──────── DATA FOR PROCESSING

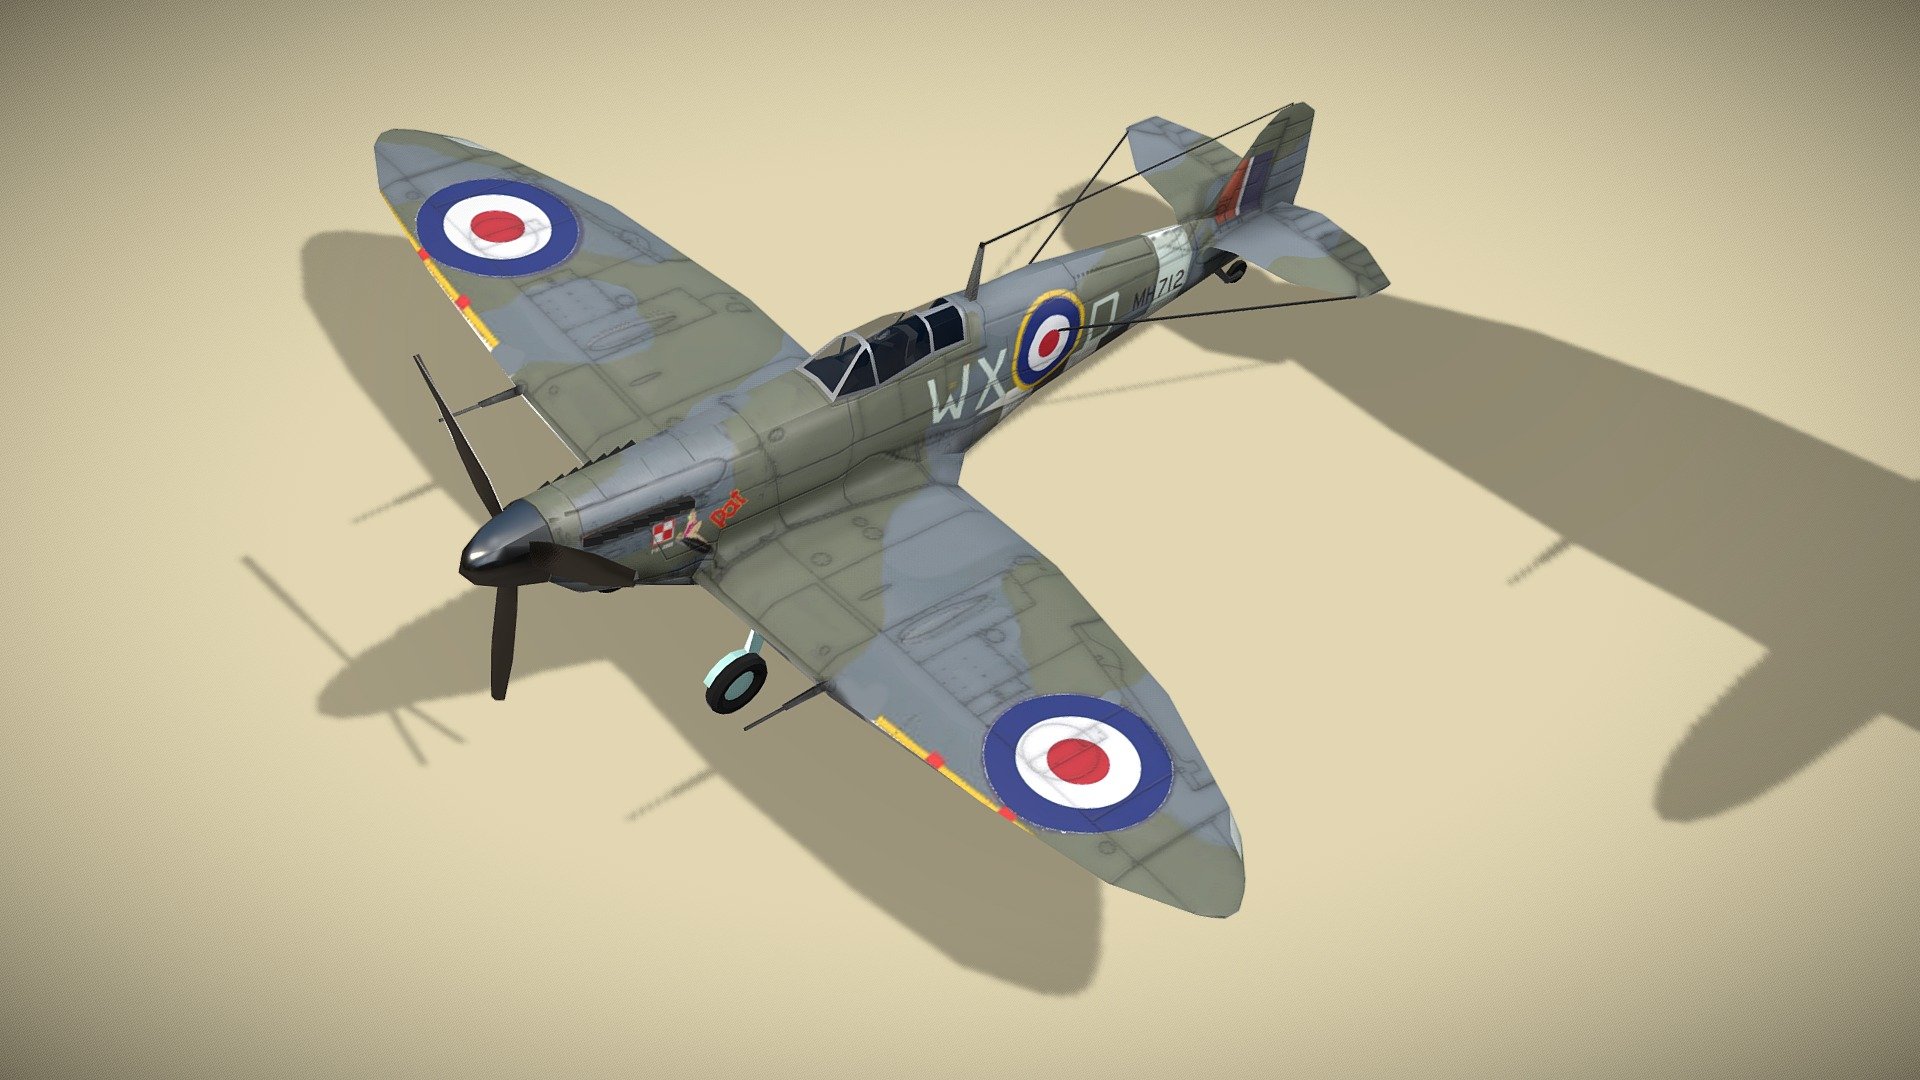 Supermarine Spitfire

Lowpoly model of british fighter plane.



Supermarine Spitfire is a British single-seat fighter aircraft that was used by the Royal Air Force and other Allied countries before, during, and after World War II. Many variants of the Spitfire were built, using several wing configurations. It was also the only British fighter produced continuously throughout the war.
Spitfire was designed as a short-range, high-performance interceptor aircraft by R. J. Mitchell. Mitchell pushed the Spitfire's distinctive elliptical wing with innovative sunken rivets to have the thinnest possible cross-section, helping give the aircraft a higher top speed than several contemporary fighters, including the Hawker Hurricane.



1 standing version with wheels and 2 flying versions with trails, afterburner, pilot and armament.

Model has bump map, roughness map and 3 x diffuse textures.



Check also my other aircrafts and cars 3d model
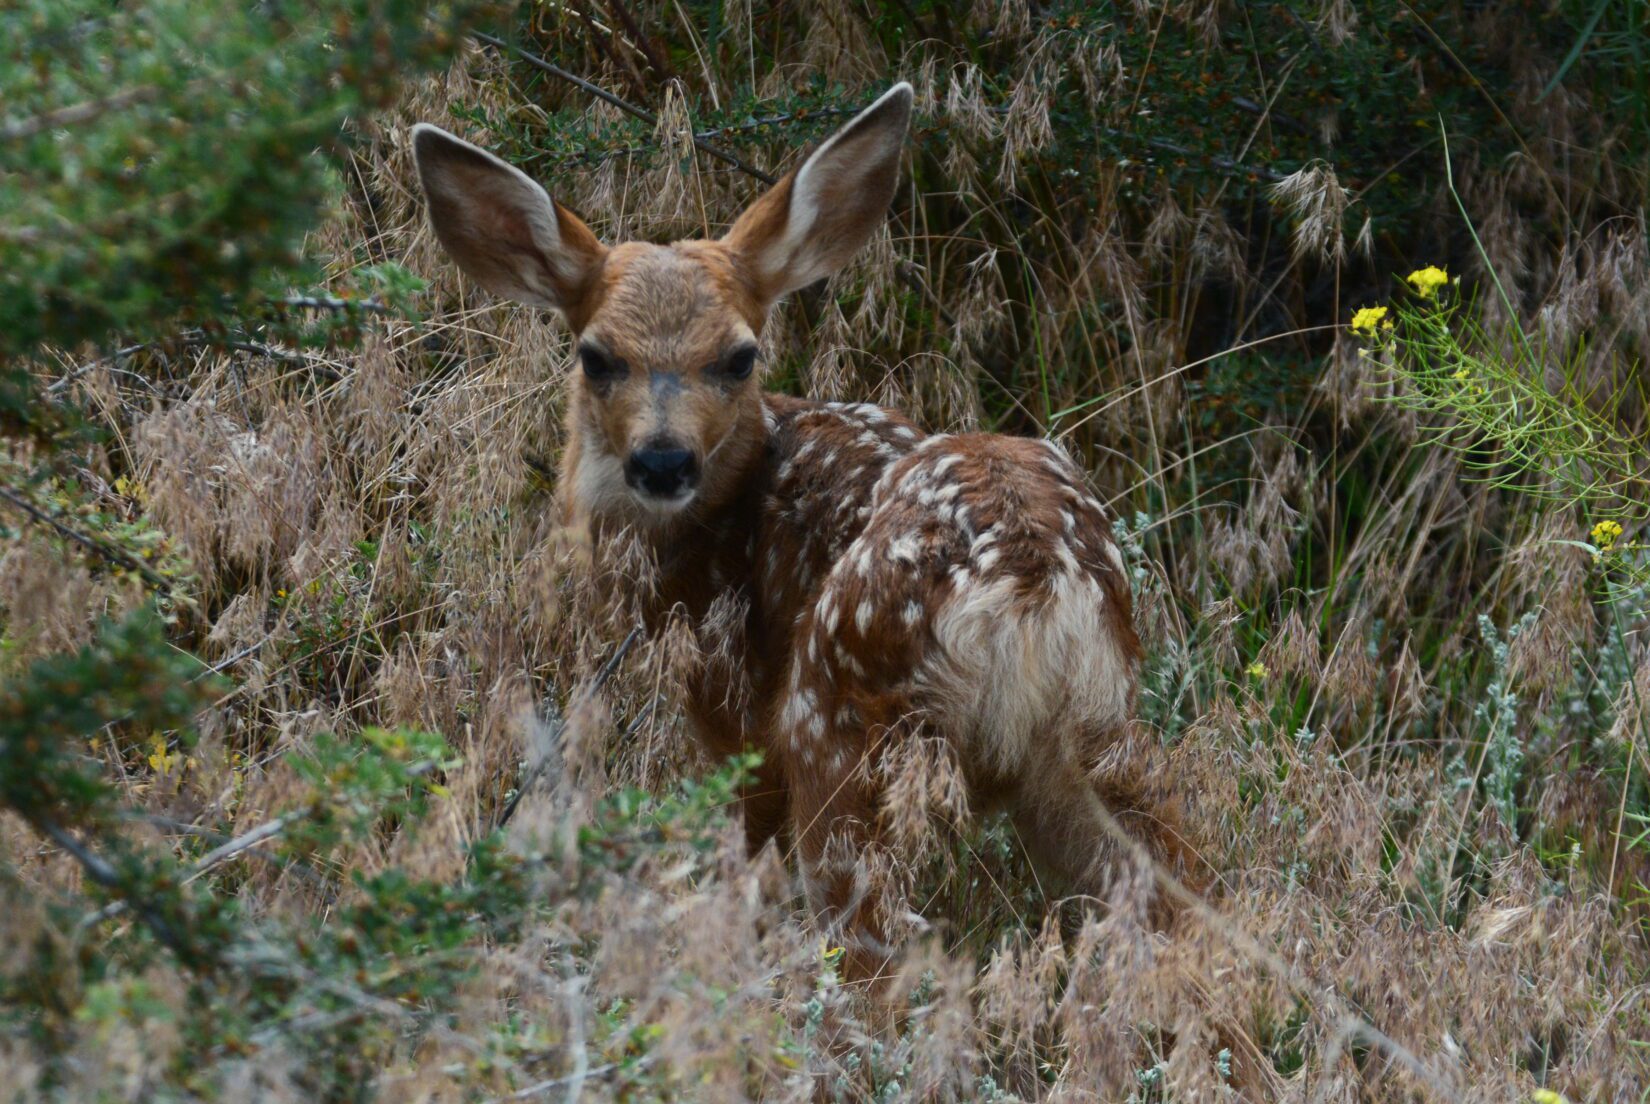 Deer fawn in grass and brush

────────────────

TASK INSTRUCTIONS » Repeat the listing above word for word. Do not include the pictures.

OUTPUT FOR THIS TASK »
 Supermarine Spitfire

Lowpoly model of british fighter plane.



Supermarine Spitfire is a British single-seat fighter aircraft that was used by the Royal Air Force and other Allied countries before, during, and after World War II. Many variants of the Spitfire were built, using several wing configurations. It was also the only British fighter produced continuously throughout the war.
Spitfire was designed as a short-range, high-performance interceptor aircraft by R. J. Mitchell. Mitchell pushed the Spitfire's distinctive elliptical wing with innovative sunken rivets to have the thinnest possible cross-section, helping give the aircraft a higher top speed than several contemporary fighters, including the Hawker Hurricane.



1 standing version with wheels and 2 flying versions with trails, afterburner, pilot and armament.

Model has bump map, roughness map and 3 x diffuse textures.



Check also my other aircrafts and cars 3d model
 Deer fawn in grass and brush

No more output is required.